MOTIVATION Influenza viruses are persistently threatening public health, causing annual epidemics, and sporadic pandemics. The evolution of influenza viruses remains to be the main obstacle in the effectiveness of antiviral treatments due to rapid mutations. The goal of this work is to predict whether mutations are likely to occur in the next flu season using historical glycoprotein hemagglutinin (HA) sequence data. One of the major challenges is to model the temporality and dimensionality of sequential influenza strains and to interpret the prediction results. RESULTS In this paper, we propose an efficient and robust time-series mutation prediction model Tempel for the mutation prediction of influenza A viruses. We first construct the sequential training samples with splittings and embeddings.

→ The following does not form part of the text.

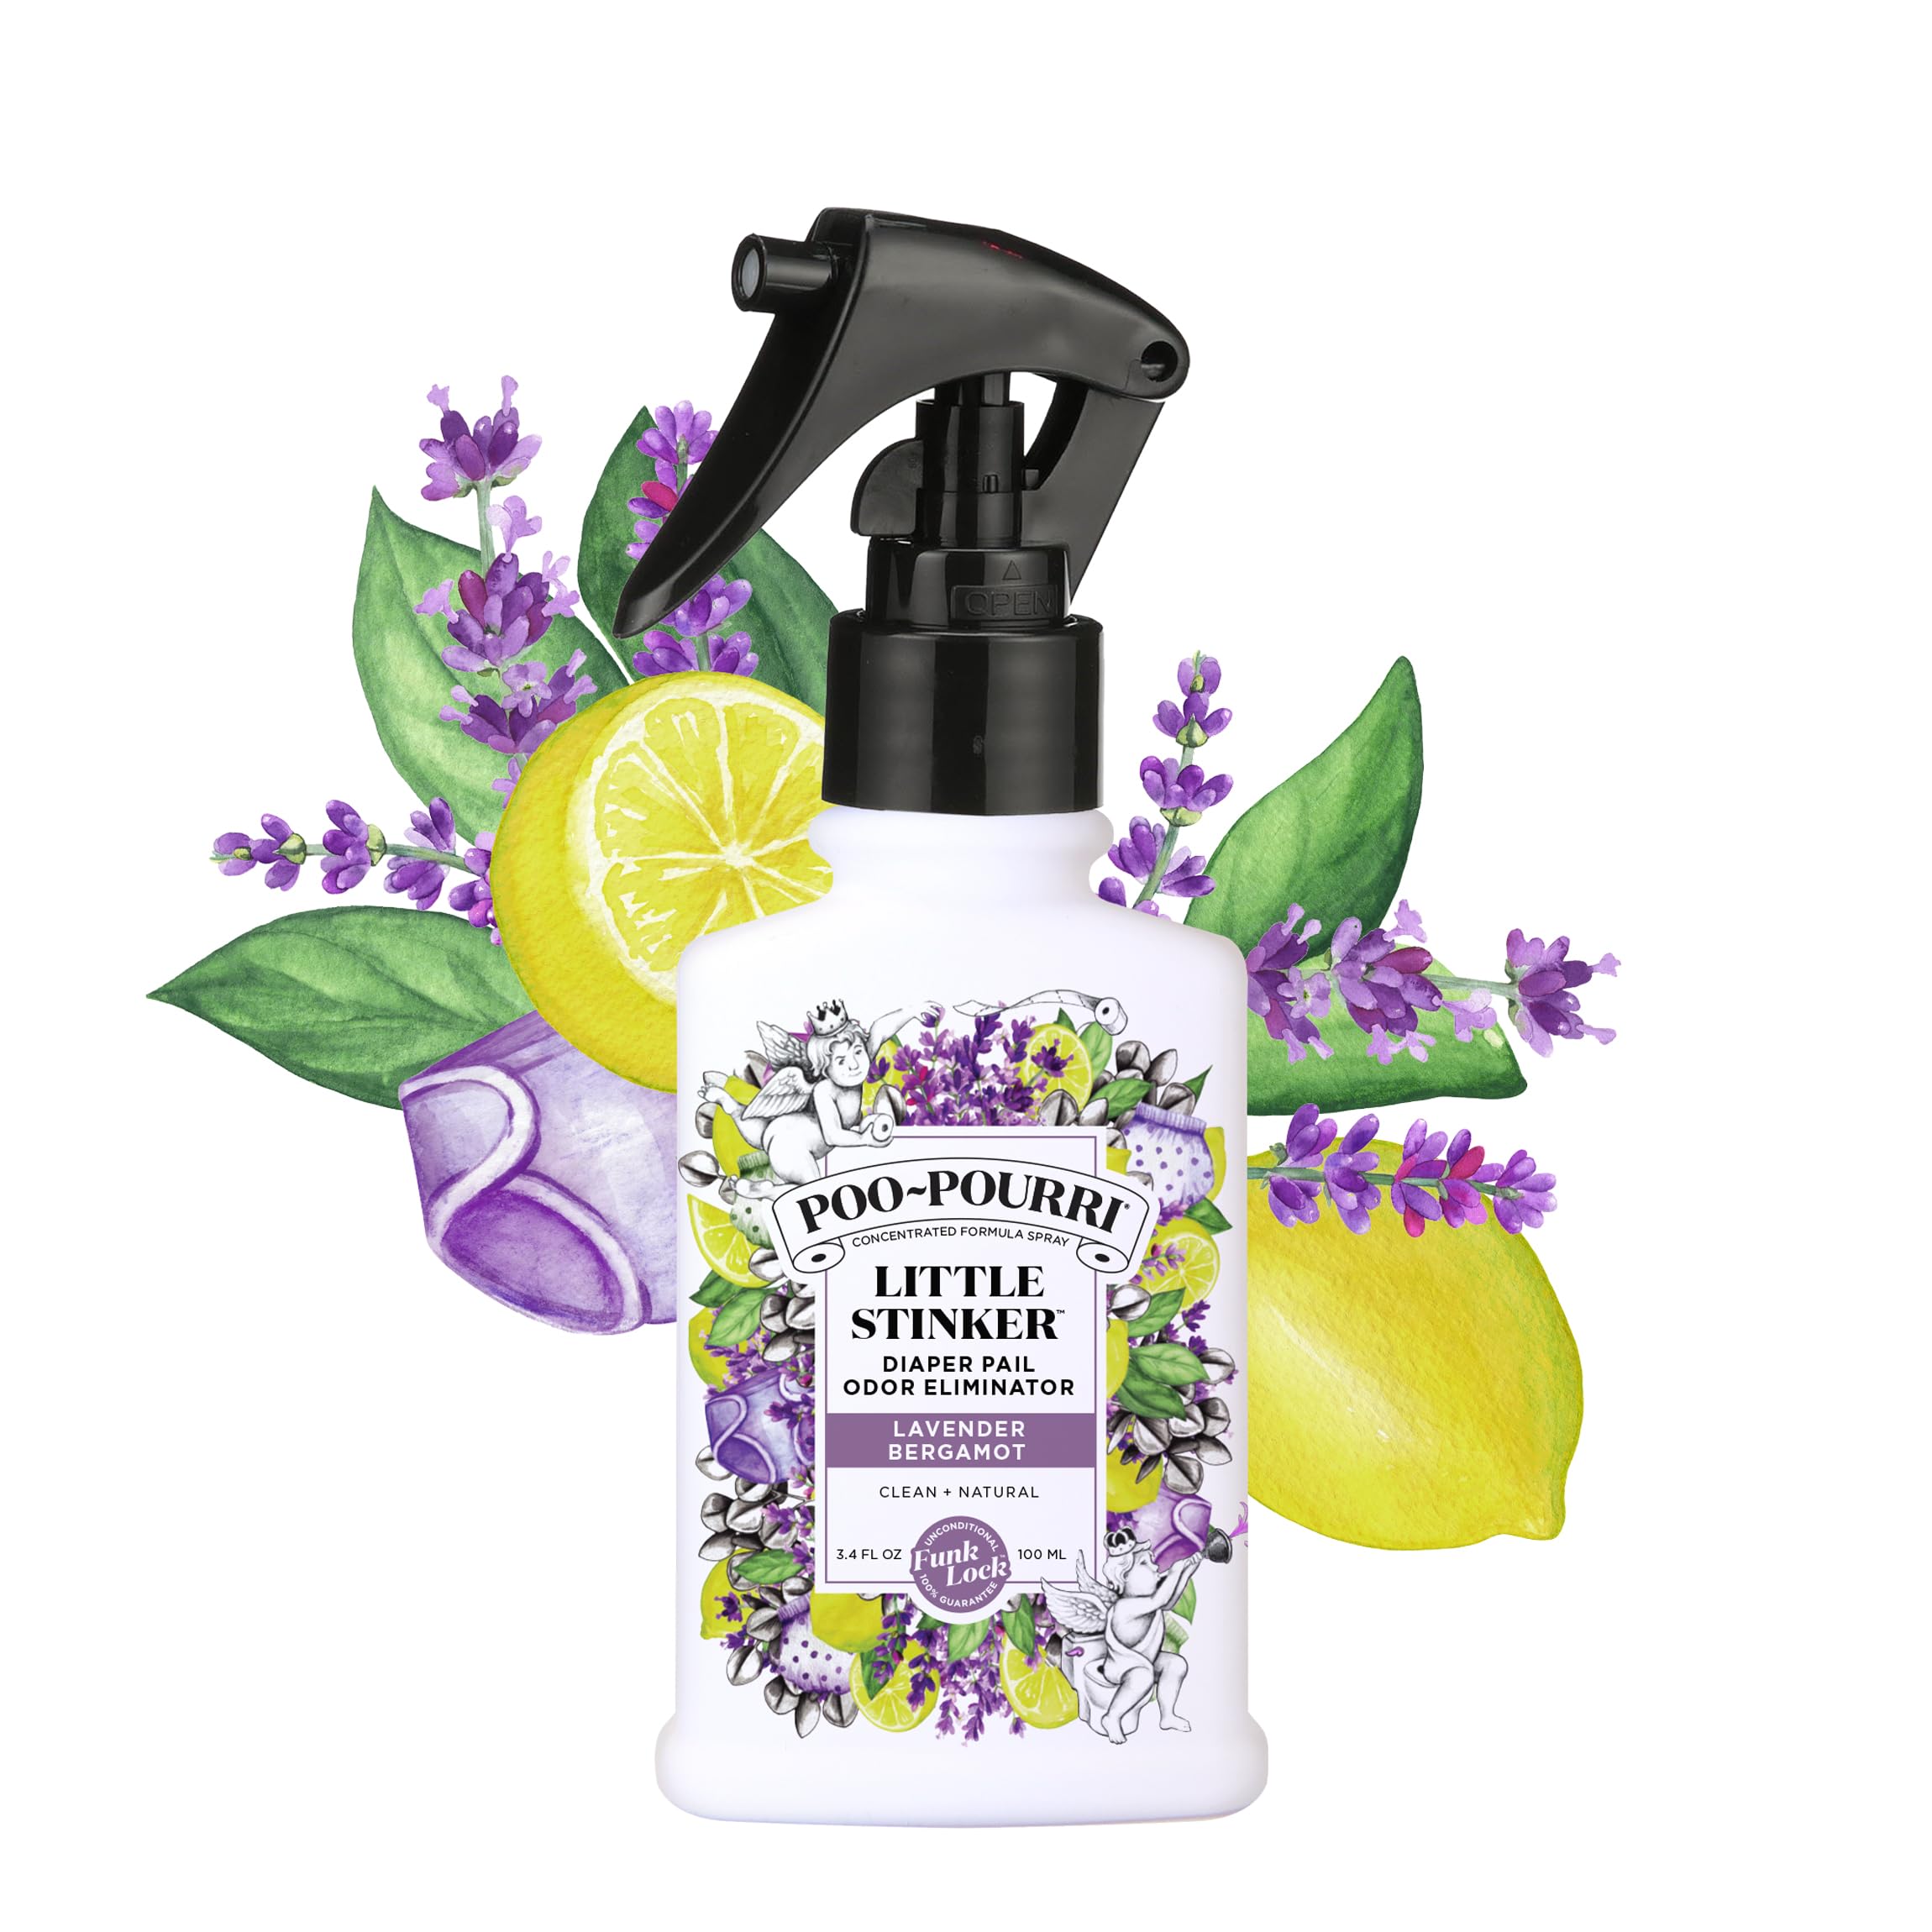 Baby-Pourri Little Stinker Diaper Pail Odor Eliminator, 3.4 Fl Oz - Lavender, Bergamot, Eucalyptus and Vanilla

By employing recurrent neural networks (RNNs) with attention mechanisms, Tempel is capable of considering the historical residue information. Attention mechanisms are being increasingly used to improve the performance of mutation prediction by selectively focusing on the parts of the residues. A framework is established based on Tempel that enables us to predict the mutations at any specific residue site. Experimental results on three influenza datasets show that Tempel can significantly enhance the predictive performance compared with widely used approaches and provide novel insights into the dynamics of viral mutation and evolution. SUPPLEMENTARY INFORMATION The datasets, source code and supplementary documents are available at: https://drive.google.com/open?id=15WULR5__6k47iRotRPl3H7ghi3RpeNXH.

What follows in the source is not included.